The system has been well researched; I understand it was tested for about two years before being offered to the public.  It had only suffered one bad run prior to going “live” and that not nearly as bad as experienced during my test.  The core selection criterion on which the system is based seems very logical and sound and, in theory, the current results “shouldn’t” be happening.  Some of this poor performance could be put down to the recent appalling weather: if football or cricket was played in ankle deep mud would the results be predictable?  However, (jumping from one sporting analogy to another) we may expect Murray to win the odd game from Nadal, and even the odd set, but the system results are on a par with Murray winning match after match.  Given the core selection criterion, this should not be happening.  So, either that selection criterion is not as logical as it first appears, or something has changed, because the weather no longer seems to be the culprit. 

Without having conducted any in-depth research, I wonder if the percentage of selections that go on to qualify on price is the same now as before the system went live.  If the percentage has dropped this would suggest that, with insufficient liquidity in the market, odds are being chased out by those who don’t understand how markets behave.  If this is the case then it would be probable that the prices at which qualifying selections are getting matched is also (significantly?) higher.  The result of these two factors would be a lower strike rate at higher average odds, seriously hurting profits.  I doubt that this is a definitive answer and the weather could be to blame, or it could simply be that inevitably all systems have bad runs.  I do wonder, however, if market liquidity is a contributing factor.  If it is, then as users drop away because the system isn’t working, there could be a return to profitability.

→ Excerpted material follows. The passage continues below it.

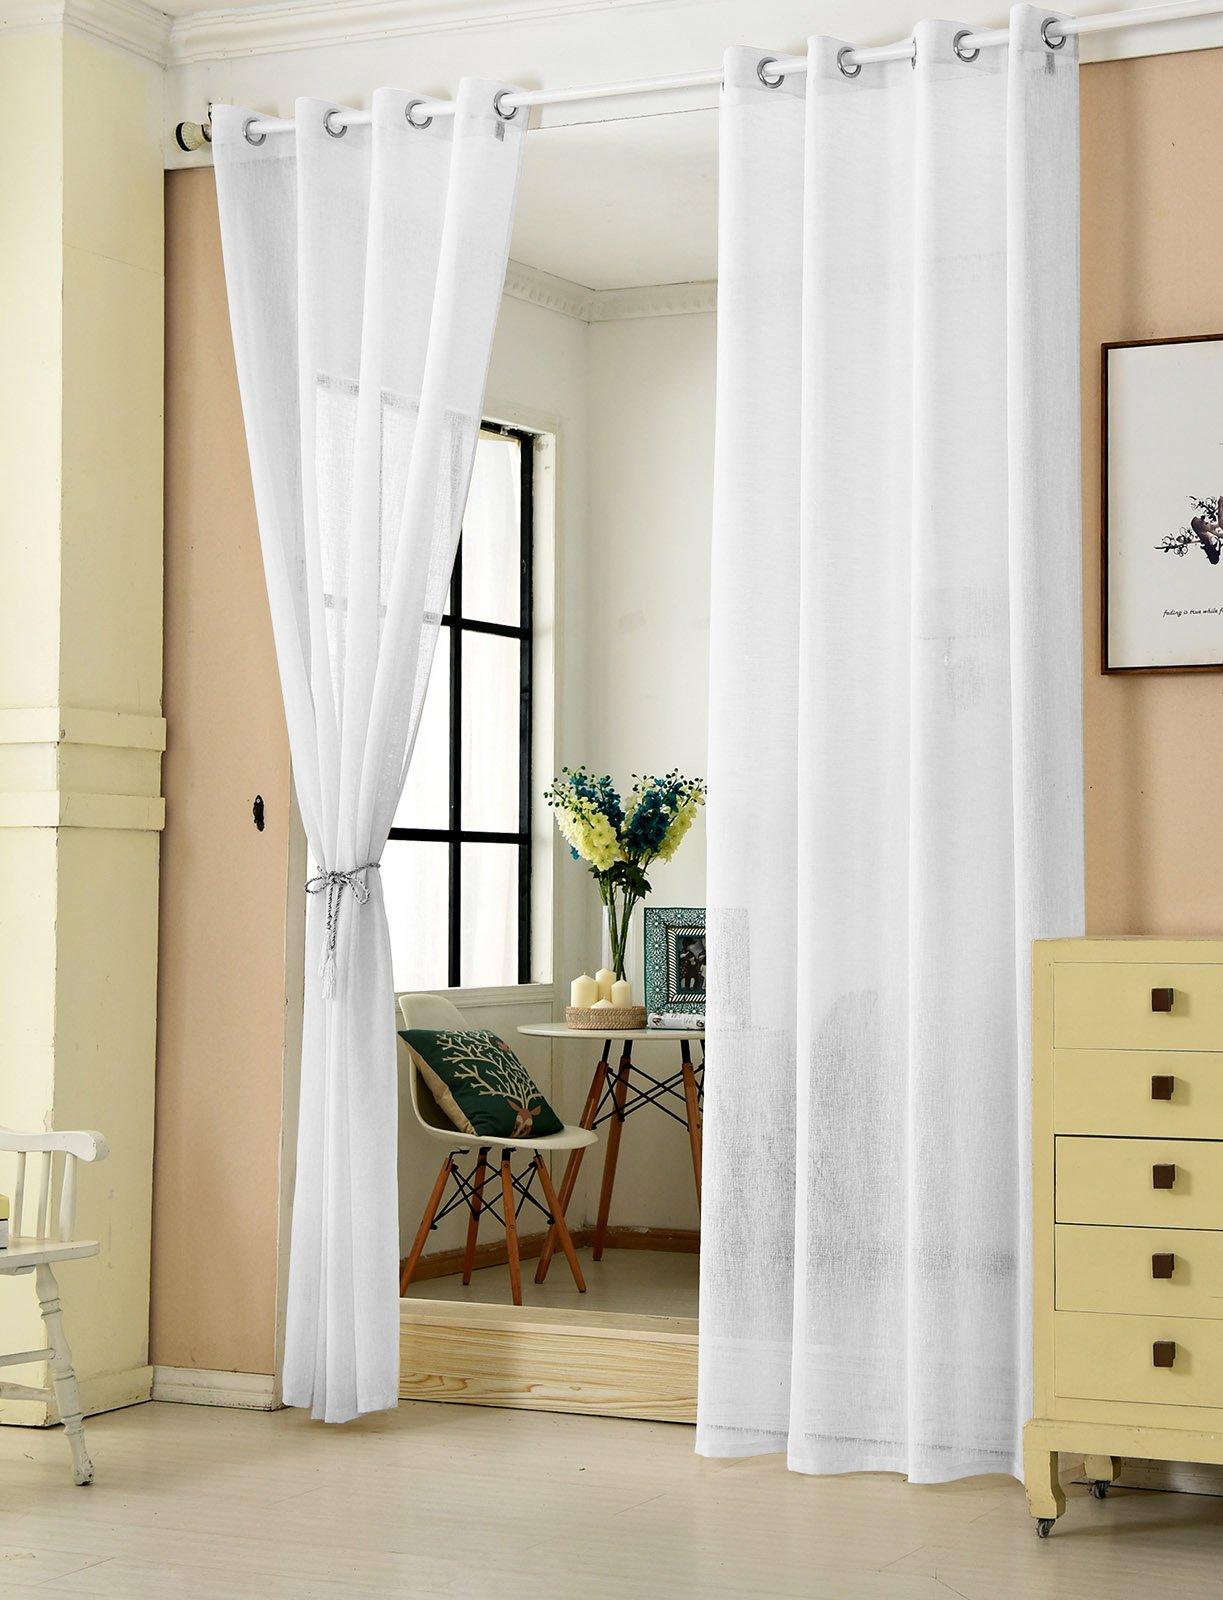 am besten bewertete produkte in der kategorie gardinen. Black Bedroom Furniture Sets. Home Design Ideas

Whatever the reasons, the system has failed to perform; the test bank is standing at about £75, despite cutting stakes in order to protect it.  Had I not taken such action, the bank would have gone and there would be a deep hole in my wallet.  My own rolling bank, that had made a 60% profit, drifted all the way back to where I was about breaking even (well, about 80p profit) and, due to adopting a watching brief, I have maintained my bank at around that level.  Again, had I continued betting to a liability of 5% of the bank I would be showing a substantial loss.

Just as an aside, it was pointed out to me that there was an anomaly with the results as published on the Profit Place website – something placed and was not included in the results.  However, the author has made clear that the Profit Place team are human and mistakes are inevitable.  The results published on the site during the course of the test are very much in line with mine: sometimes they have got on and I haven’t, sometimes the other way round.  Sometimes I have got a better price than on the site and sometimes they have done better than me.  All-in-all it has balanced out and everything is clearly genuine

Given that the author and his partner have obviously worked very hard to provide a system that has been well researched (but that may have suffered from “the law of the unforeseen consequence”), that the level of support is excellent and that in all other ways this should have been an excellent product – it’s just that it isn’t working at present – I am very reluctant to give this the thumbs down.  Unfortunately, I can’t do otherwise and so I shall recommend to Graham that this goes on the Failed Systems list.  However, I am not going to give up on it.  I shall check in on it from time to time and if there is a turn round (fewer users effecting prices for instance) I shall make sure it doesn’t go unreported.